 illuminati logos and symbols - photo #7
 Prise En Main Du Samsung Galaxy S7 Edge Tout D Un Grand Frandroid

---

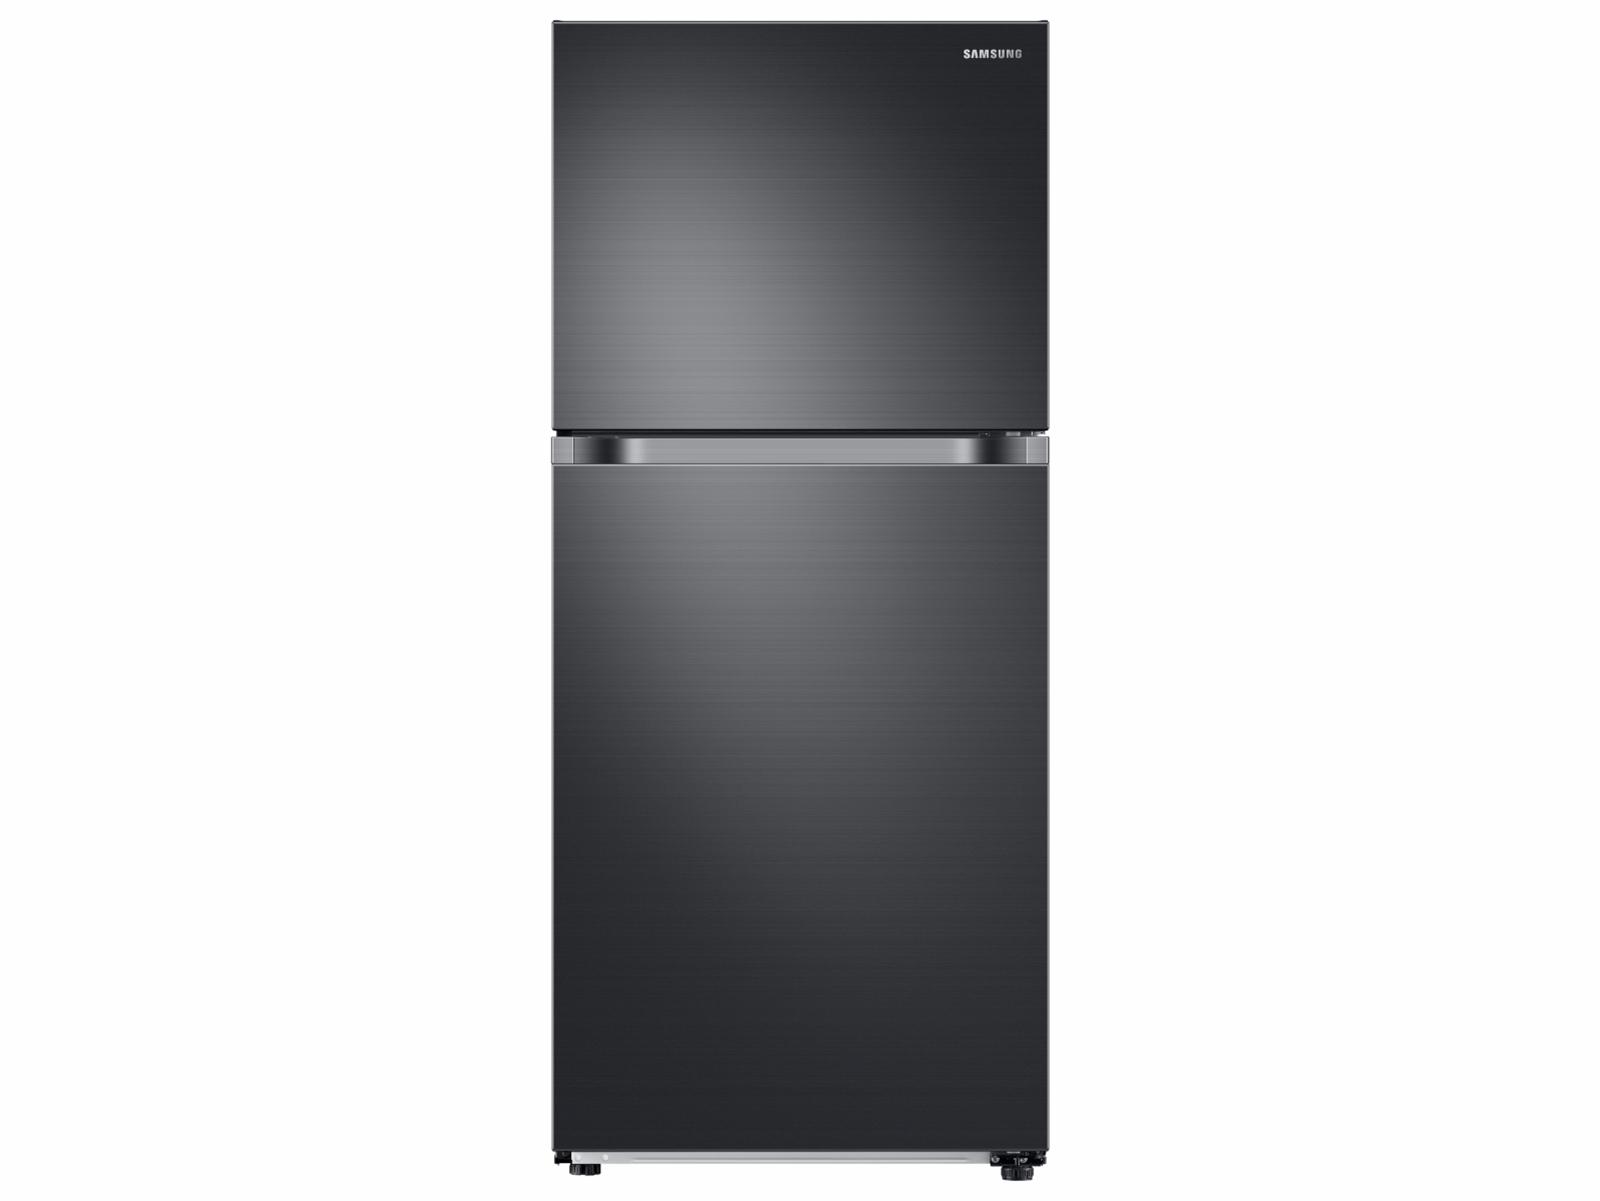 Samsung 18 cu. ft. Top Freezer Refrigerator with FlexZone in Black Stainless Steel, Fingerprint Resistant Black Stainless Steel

---

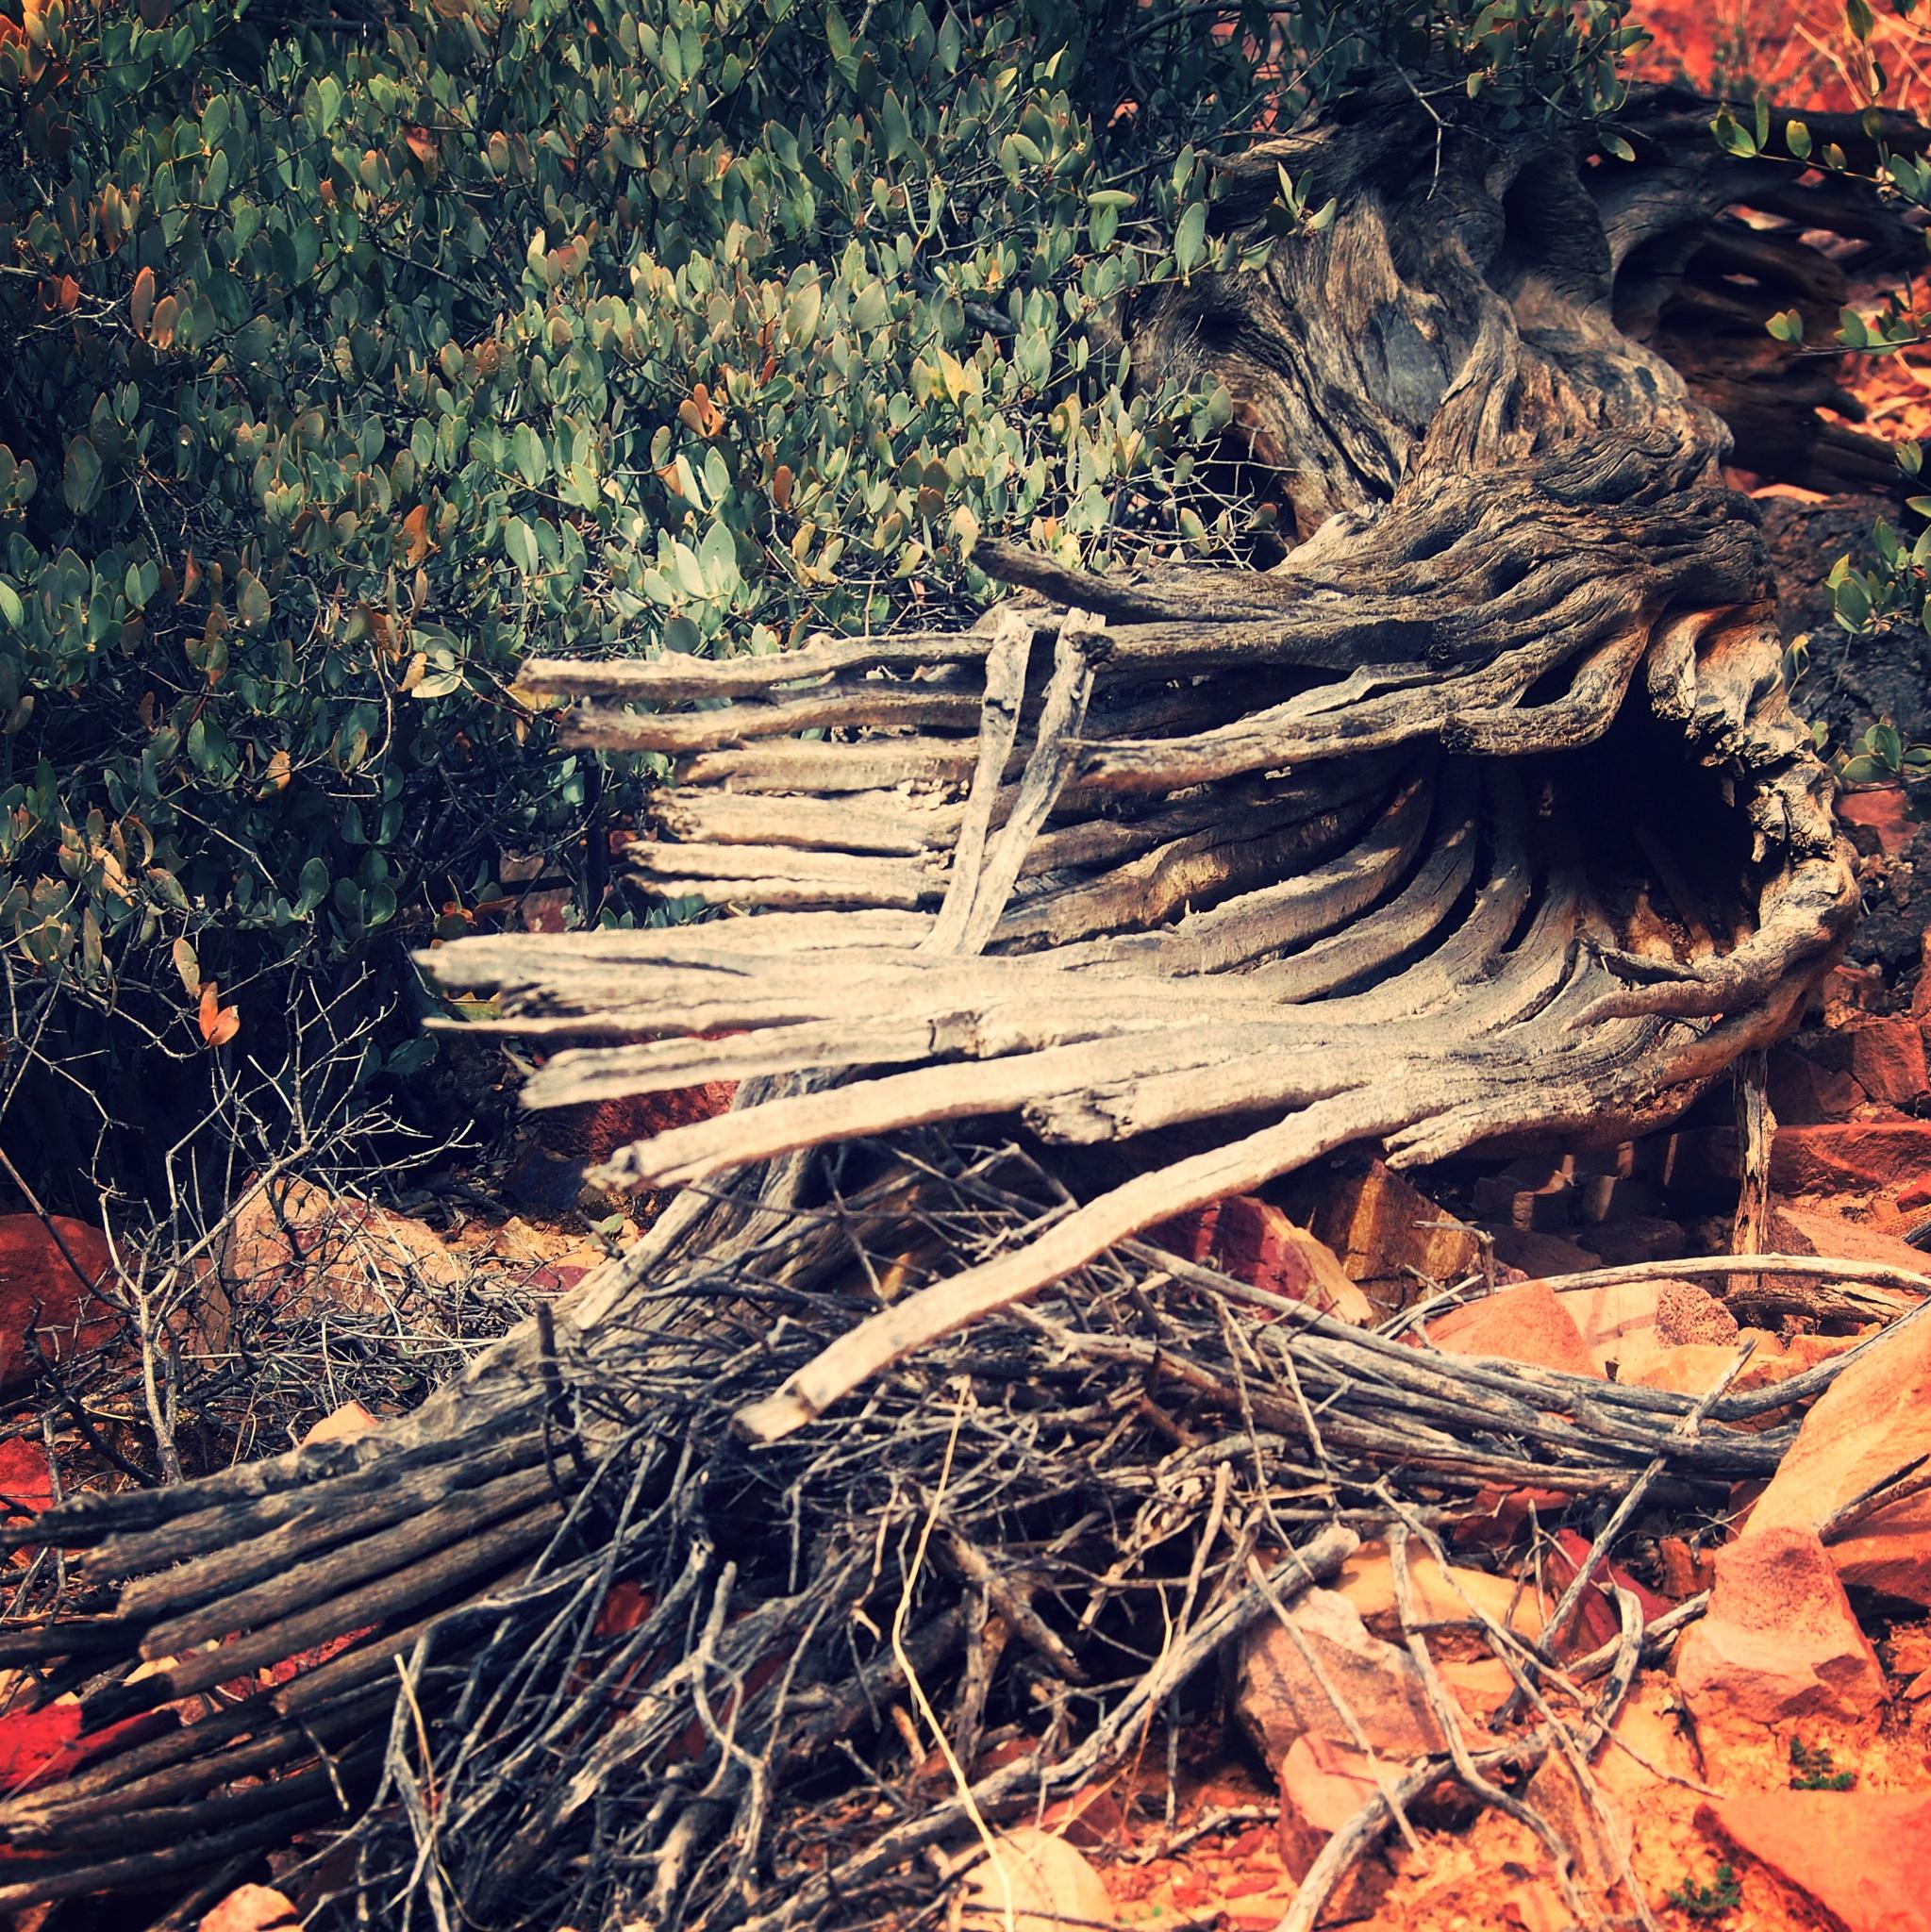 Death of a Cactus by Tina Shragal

> _What you have to do_:
Exact duplication is required for the lines above, from the line that contains "illuminati logos and symbols - photo #7" to the line that contains "Prise En Main", inclusive; omit all others.

> _Response area_:
 illuminati logos and symbols - photo #7
 Prise En Main Du Samsung Galaxy S7 Edge Tout D Un Grand Frandroid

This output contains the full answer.